Moshe responded to them with a sharp rebuke. Although Moshe was the most humble and compassionate leader, he could be brutally honest and critical when necessary. He lashed out at the representatives of the two tribes and accused them of undermining the morale of their brethren, who would attribute their decision to settle east of the Jordan to fear of the inhabitants of the Land. This would have dire consequences for the objective of conquering Eretz Yisrael.
To hammer home his point, Moshe recounted for them the sin of the spies and went so far as to accuse them of being a group of sinful people who have taken up the role of their fathers in furthering the anger of Hashem against Israel.
The “offending” parties regrouped and returned to Moshe with an entirely new proposal. They would build shelters for their animals and houses for their families. Then they would join their brothers in the war of conquest and be in the vanguard of the military attacks. They would remain on the western side of the Jordan until the conquest was complete, and the people had been settled in their inheritance. Only then would they return to their homes on the other side of the Jordan.
Moshe completely reversed his attitude as a result of this extremely magnanimous offer. He formalized the terms of the agreement and warned these tribes to be scrupulous in fulfilling them. What had begun as a harsh and angry confrontation ended up in a peaceful and agreeable manner.
What lesson can we learn from this fascinating account? Moshe’s initial response seems to be unnecessarily harsh and accusatory, especially in light of the subsequent reasonableness of the two tribes. Why was Moshe so scathing and biting in his criticism?
It may be difficult for us, in this age of political correctness, to feel comfortable about Moshe’s behavior.
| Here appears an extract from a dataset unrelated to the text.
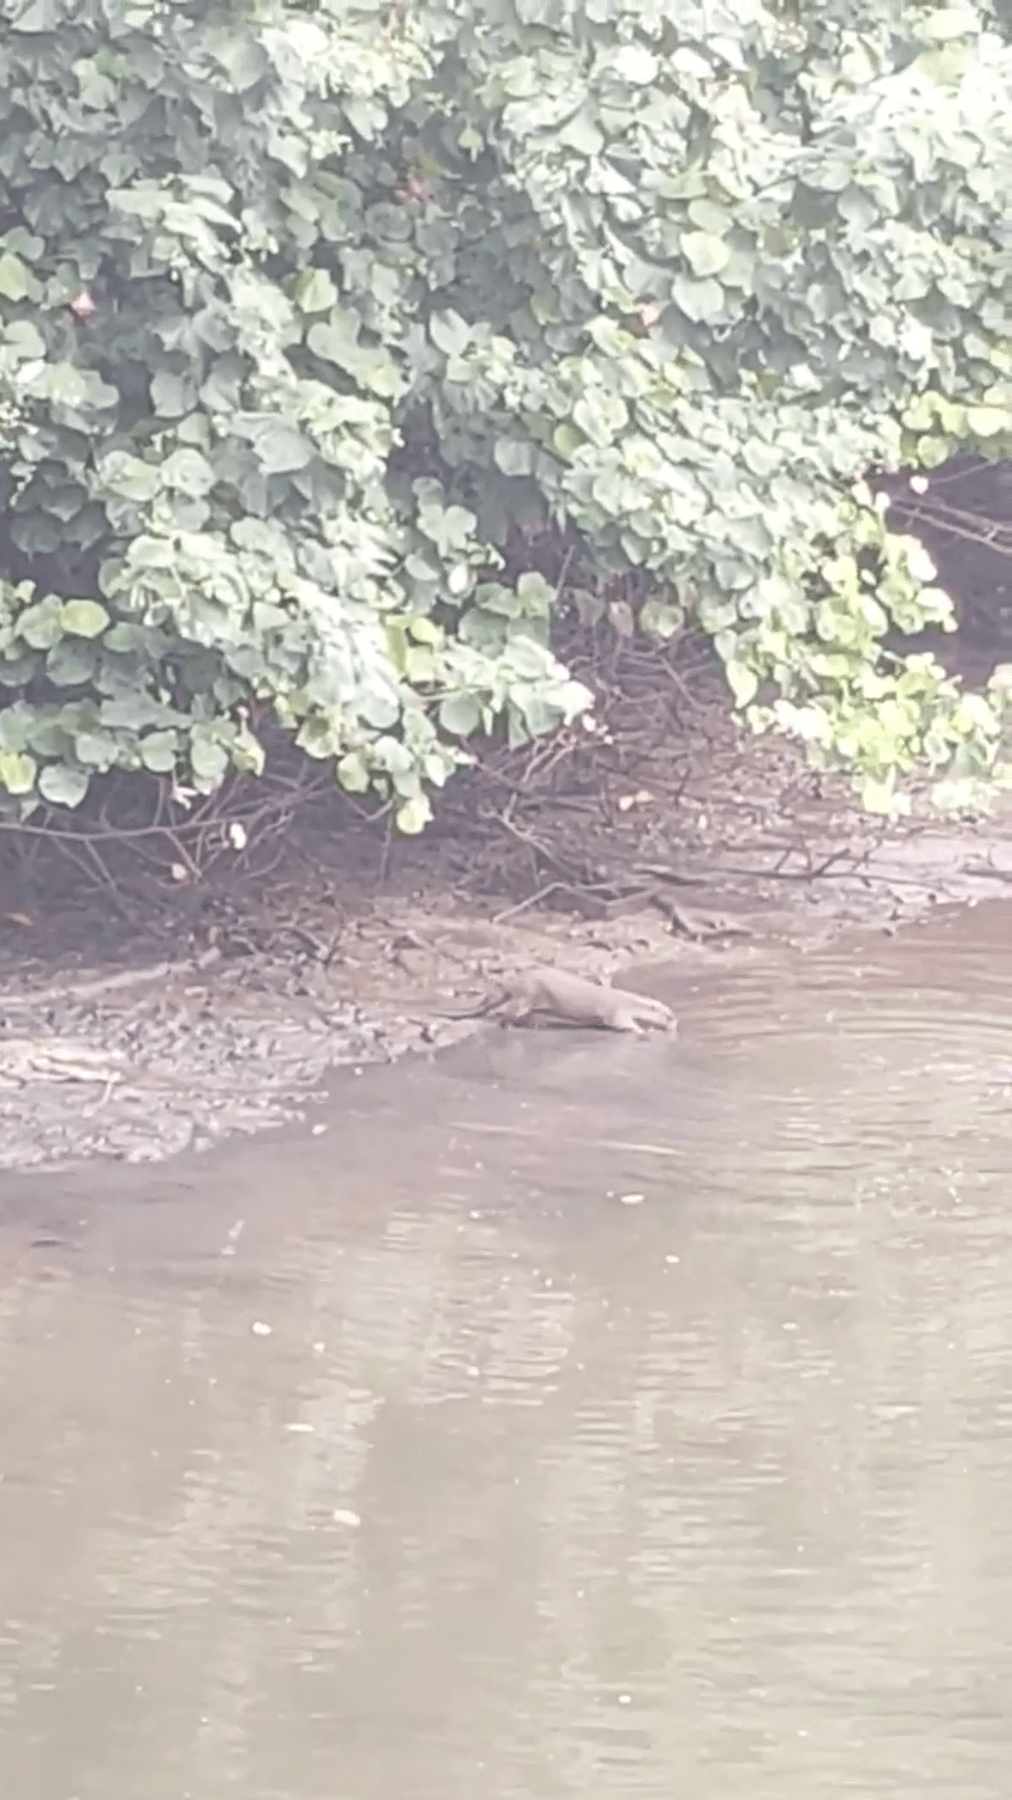 otters resting croc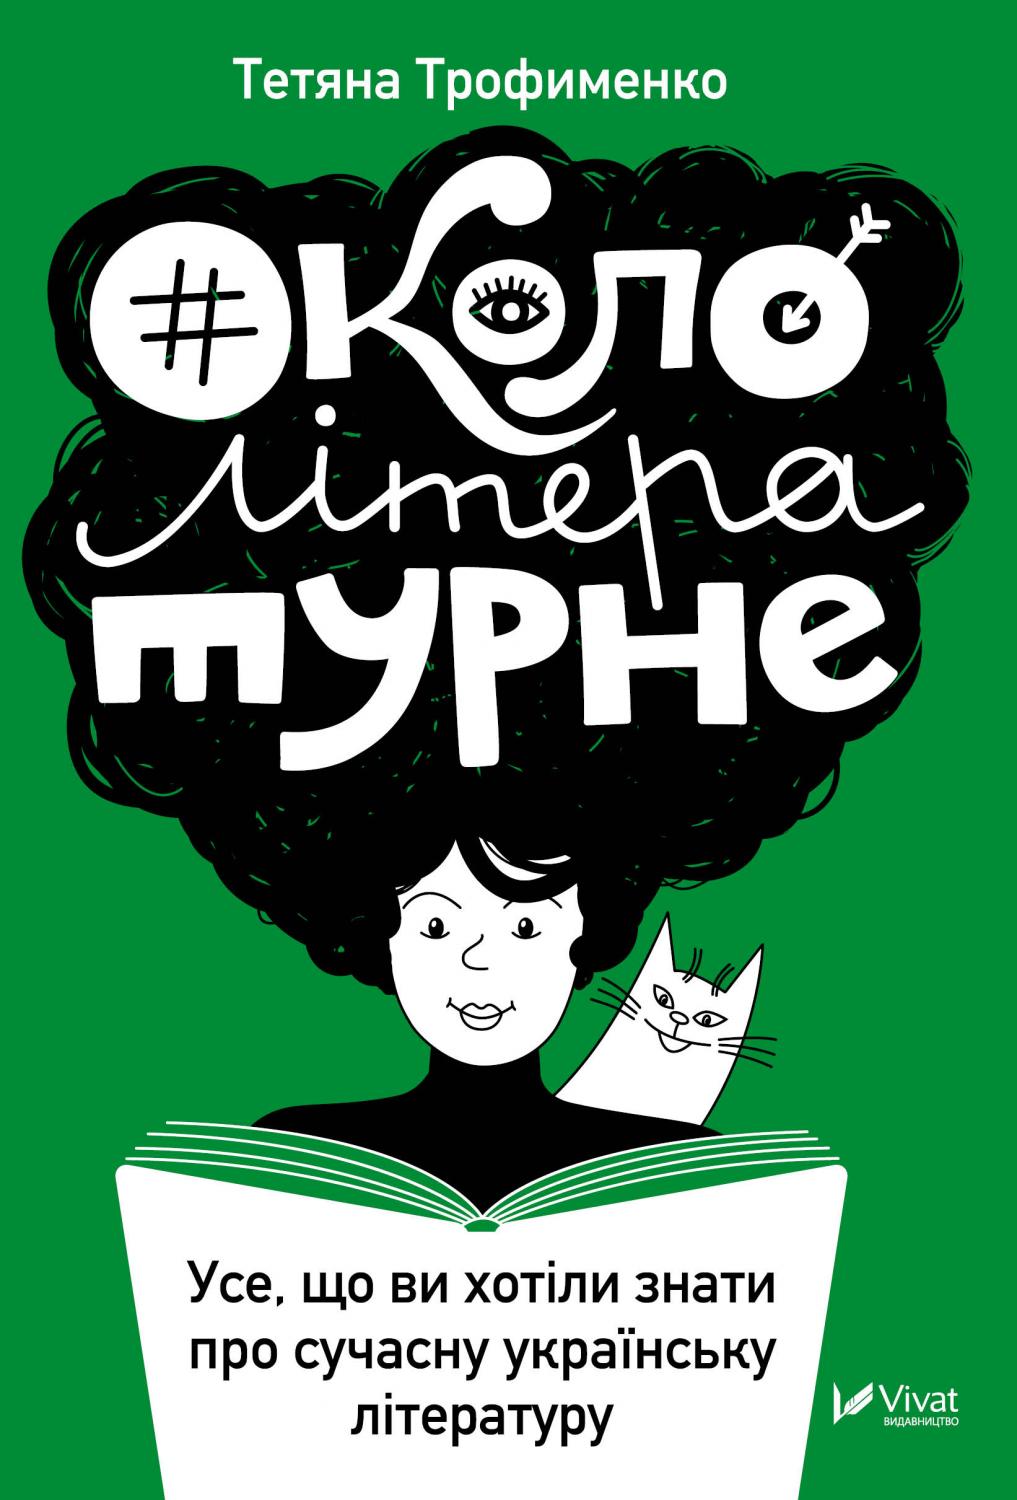 Окололітературне: усе що ви хотіли знати про сучасну українську літературу. Електронна книжка

However, the lesson of the story is that there are times when we need painful rebuke. The two tribes had displayed great insensitivity to the implications of their initial request. They became focused on their personal material needs and lost sight of how their proposal would affect Klal Yisrael.
Moshe deemed that this obliviousness to the danger of repeating the sin of the spies warranted a reaction that would shake them from their complacency. He was more concerned with the state of their souls than with ruffled feelings. He displayed a side of his nature that we had not seen before, i.e., the ability to deliver a sharp and precise rebuke that shook a person to the core.
There are times in a person’s life when one needs a good dose of incisive and piercing rebuke. We should have the courage to deliver it when necessary and to receive it when deserved. For, as the Torah attests, “The one whom Hashem loves does He rebuke.”